A novel algorithm: Described brifely bellow, it uses AST nodes as the main data structure

  • Reporting moves: Code that was moved from one place to another get's highlighted in a different color, no more deletion on one side and addition on the other
  • Ignoring trivia changes: No longer running a code prettifier on a messy file will produce an unreadable diff
  • Programmable: You can get back the diff result as JSON to implement your own way to display changes
  • Language agnostic: This project should work with any programming language, more on this bellow

Showcase

Ignoring trivia: Example of trivia changes being ignored

Reporting moves: Example of a moved change

More complex change: Example of a bigger diff

For more cases check out the tests under /tests/conformance

Running it

I will eventually get the time to publish an NPM package, for now the simplest way to run the project locally is to clone it, run pnpm install, then you can choose how to run the code

Running in the CLI

# Running ts file directly with tsx
tsx ./examples/basic.ts

# OR:

# Start the watch build in one terminal
npm run build

# Run with node
node dist/examples/basic.js

Running the frontend

# Terminal 1
npm run start

# Terminal 2
npm run ui

Default location is http://localhost:4000/

Algorithm

⚠️Before continuing⚠️ The algorithm is not final, it has redundant logic (like the two zigzag passes) and bugs (crashes due to debug failures or mismatched parenthesis) but the main idea is there.

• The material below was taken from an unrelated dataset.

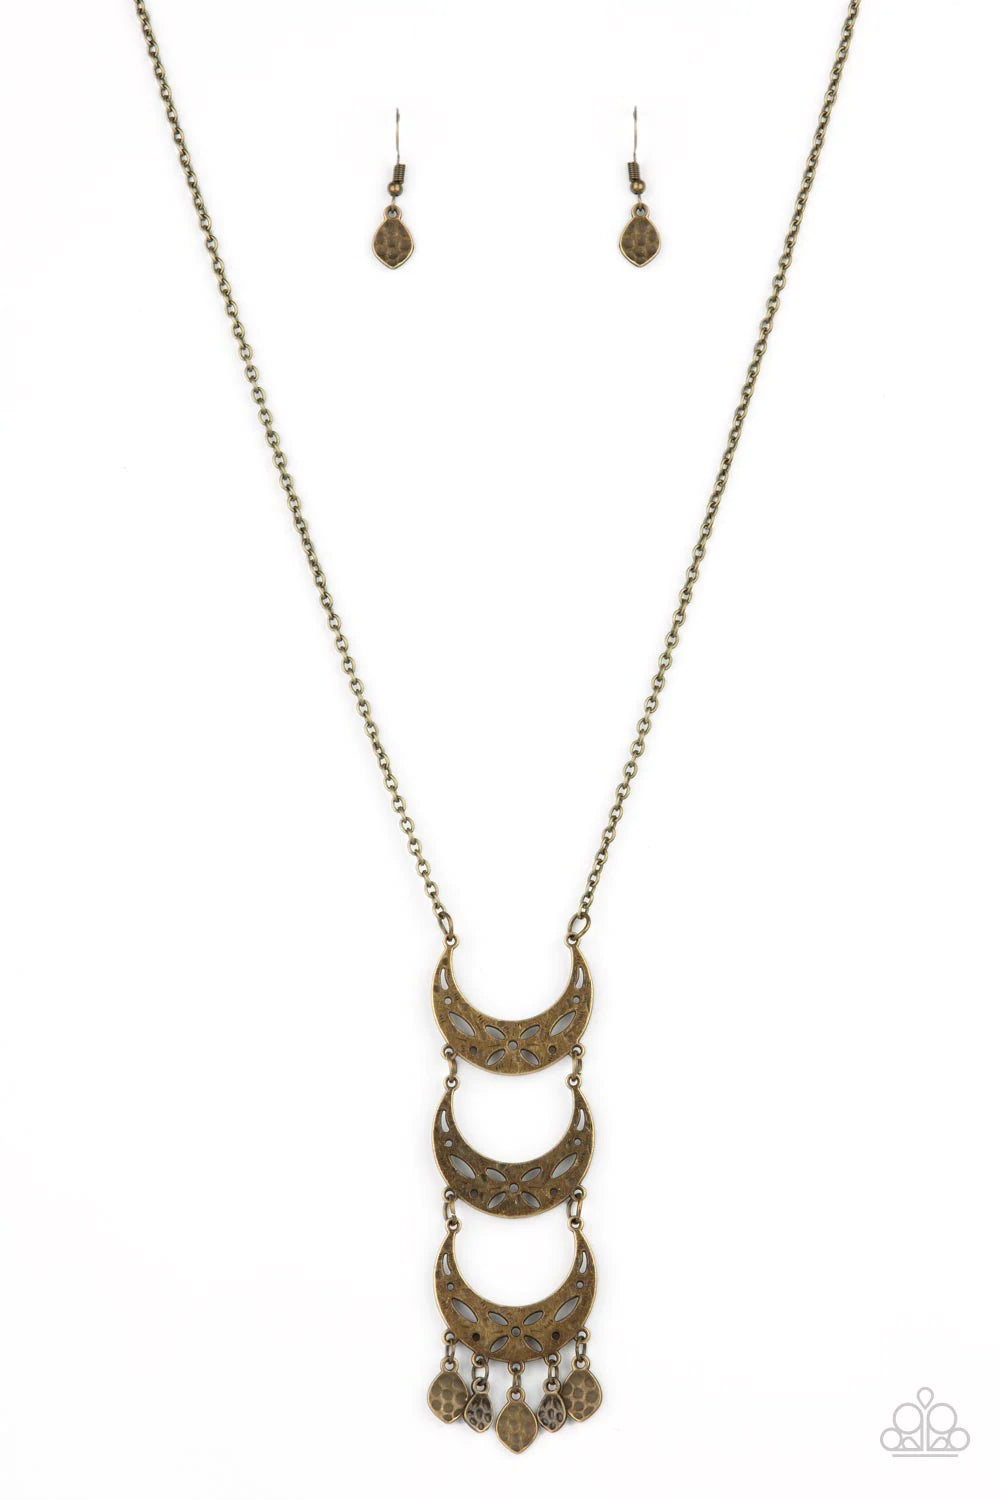 Paparazzi Accessories Half-Moon Child - Brass Stenciled in airy floral details, antiqued brass half-moon frames link into a triple stacked pendant at the bottom of a lengthened brass chain. Hammered brass frames trickle from the bottom, adding playful mov

The main difference between this tool and git diff is that it doesn't use Myers' algorithm. Instead, it employs a novel approach summarized as follows:

  • Get the AST from the two source files
  • Create an array of Node, performing a depth-first walk over the AST
  • Create two Iterator instances, used to iterate and search nodes in the array
  • Start the main loop, attempting to match sequences of nodes (findBestMatch fn)
  • Iterating over the matches and attempting to align them, if not possible a move is created (processMoves fn)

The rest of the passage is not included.